> _WORK REQUEST_: Print the data exactly. Omit the pictures.

> _INFORMATION SHOWN_:

==*==

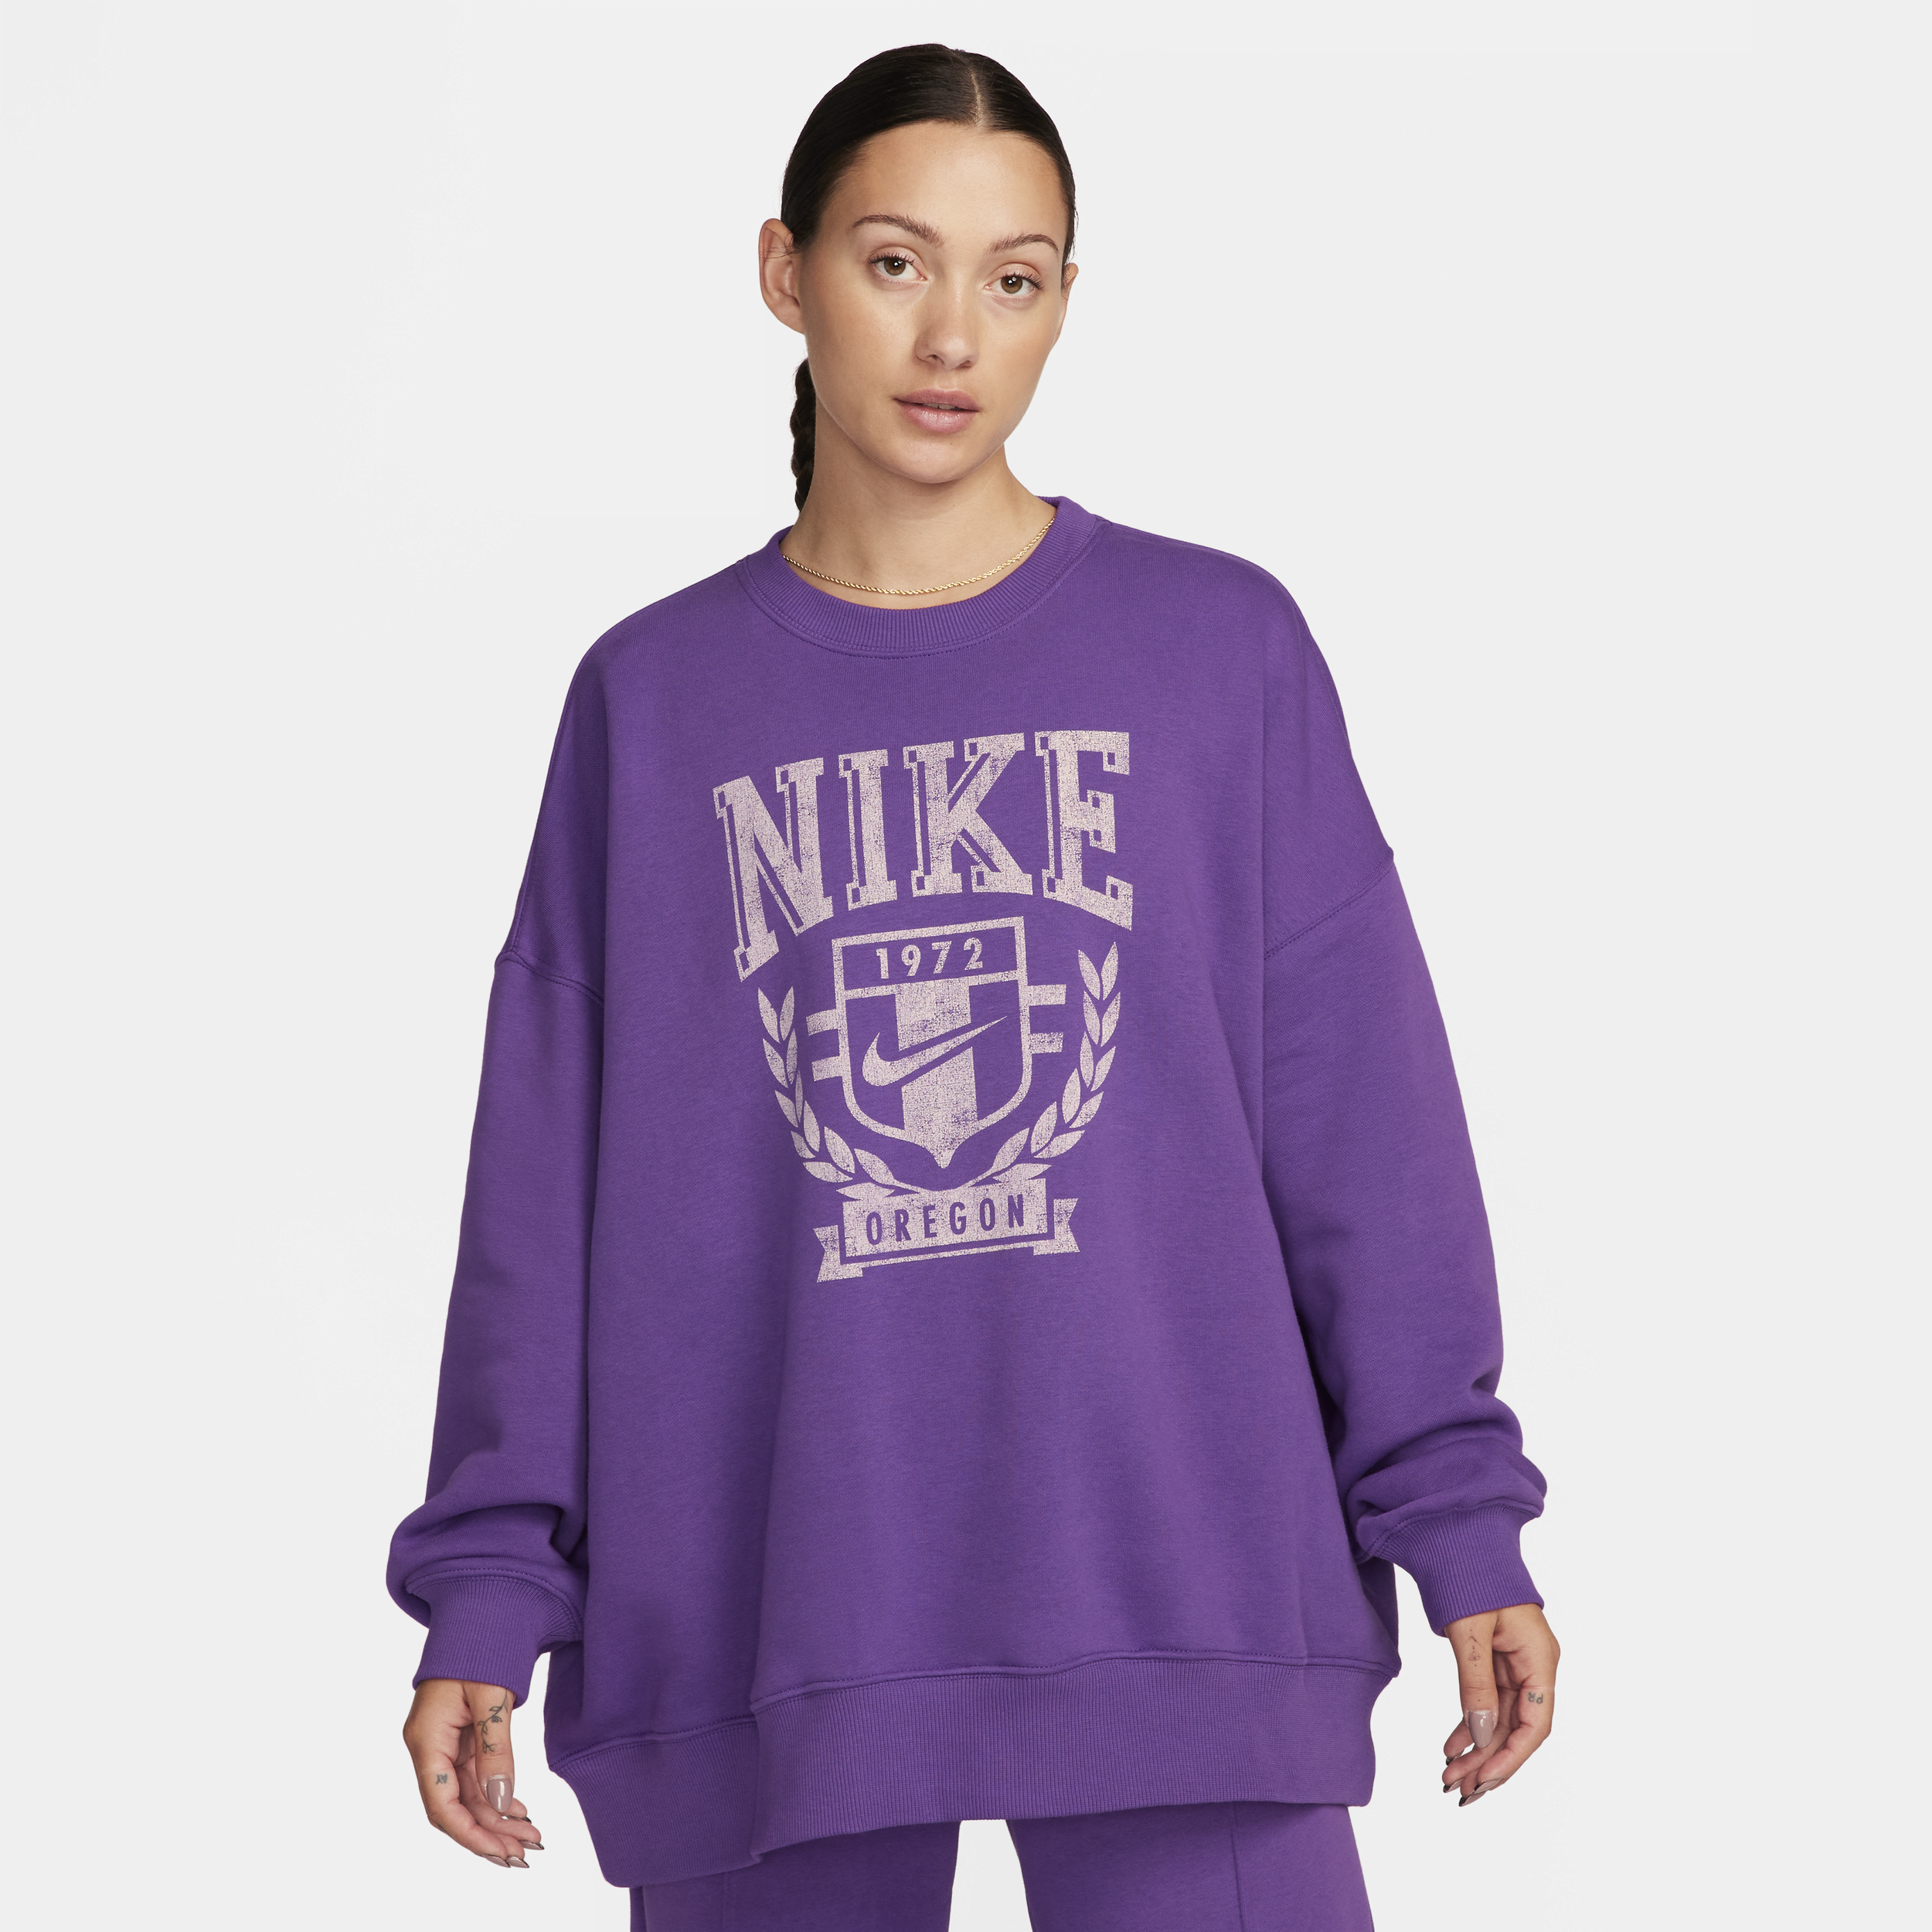 Overdimensioneret Nike Sportswear-sweatshirt i fleece med rund hals til kvinder - lilla
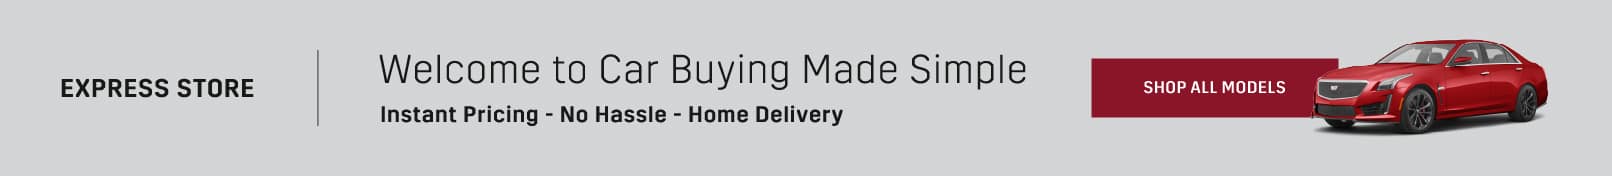 Buy 100% Online Home Delivery Roadster Banner
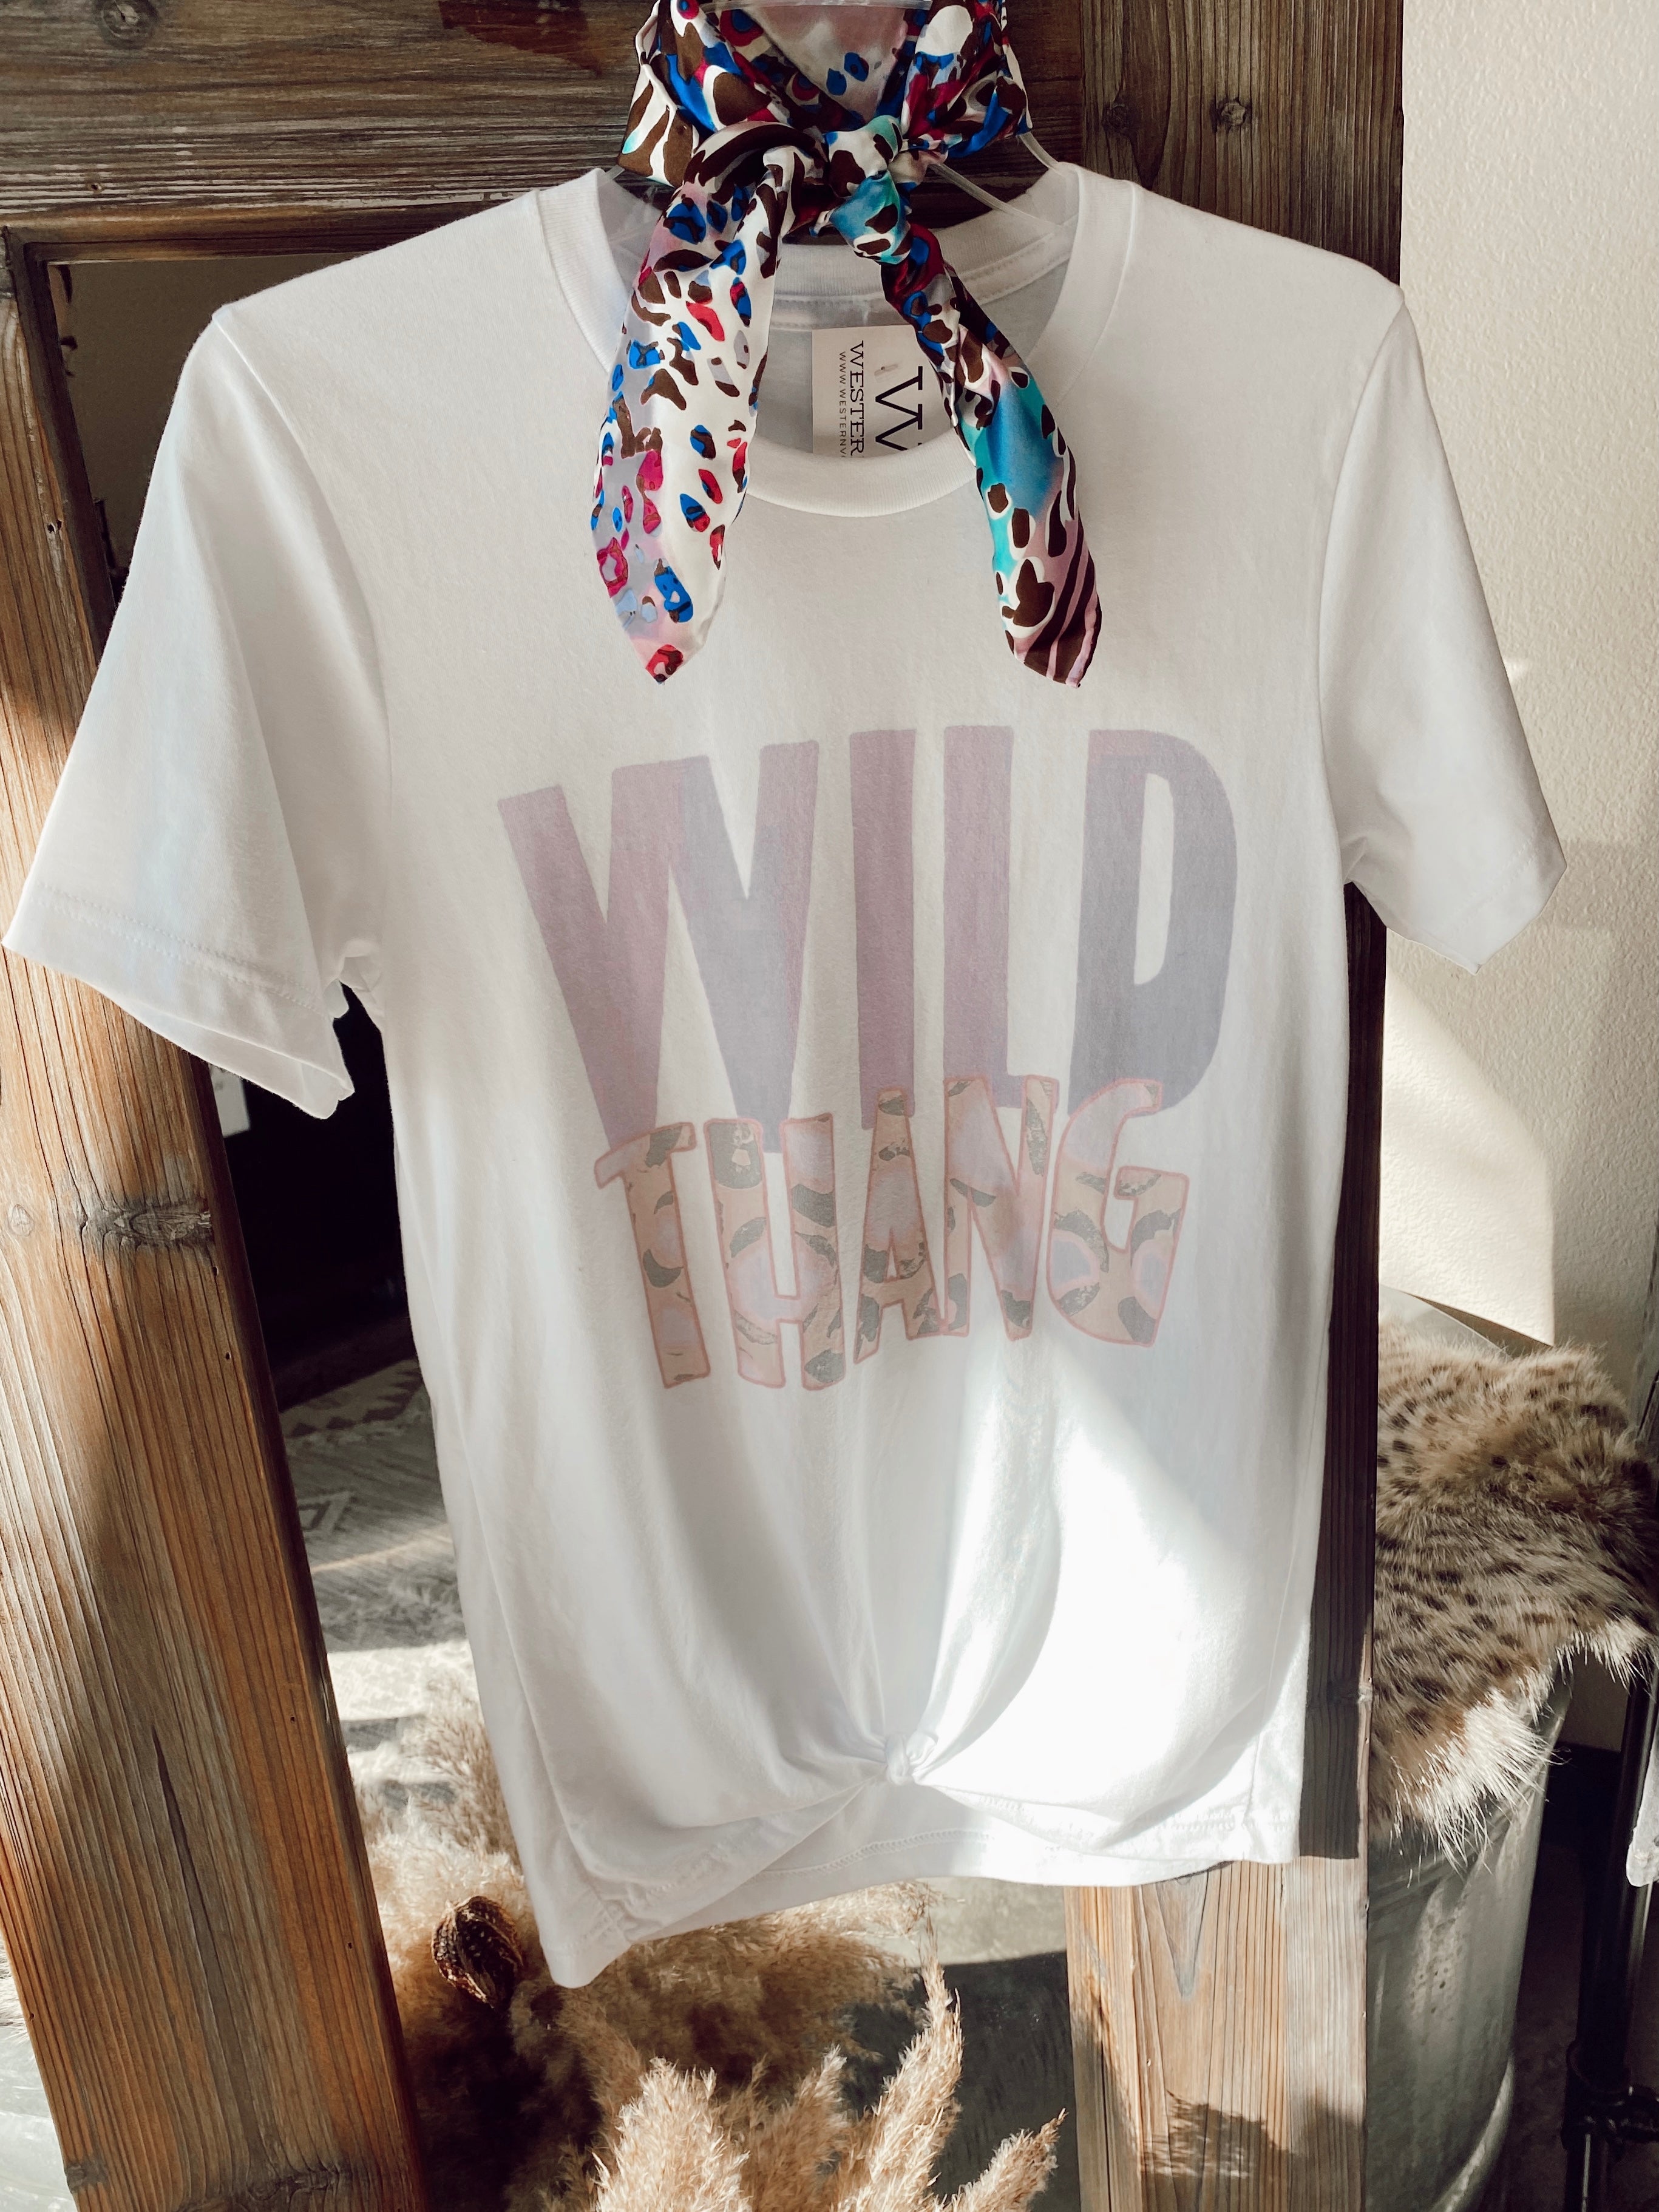 The Wild Thang T-Shirt

==*==

> _ANSWER FOR THE TASK_:
 Overdimensioneret Nike Sportswear-sweatshirt i fleece med rund hals til kvinder - lilla
 Buy 100% Online Home Delivery Roadster Banner
 The Wild Thang T-Shirt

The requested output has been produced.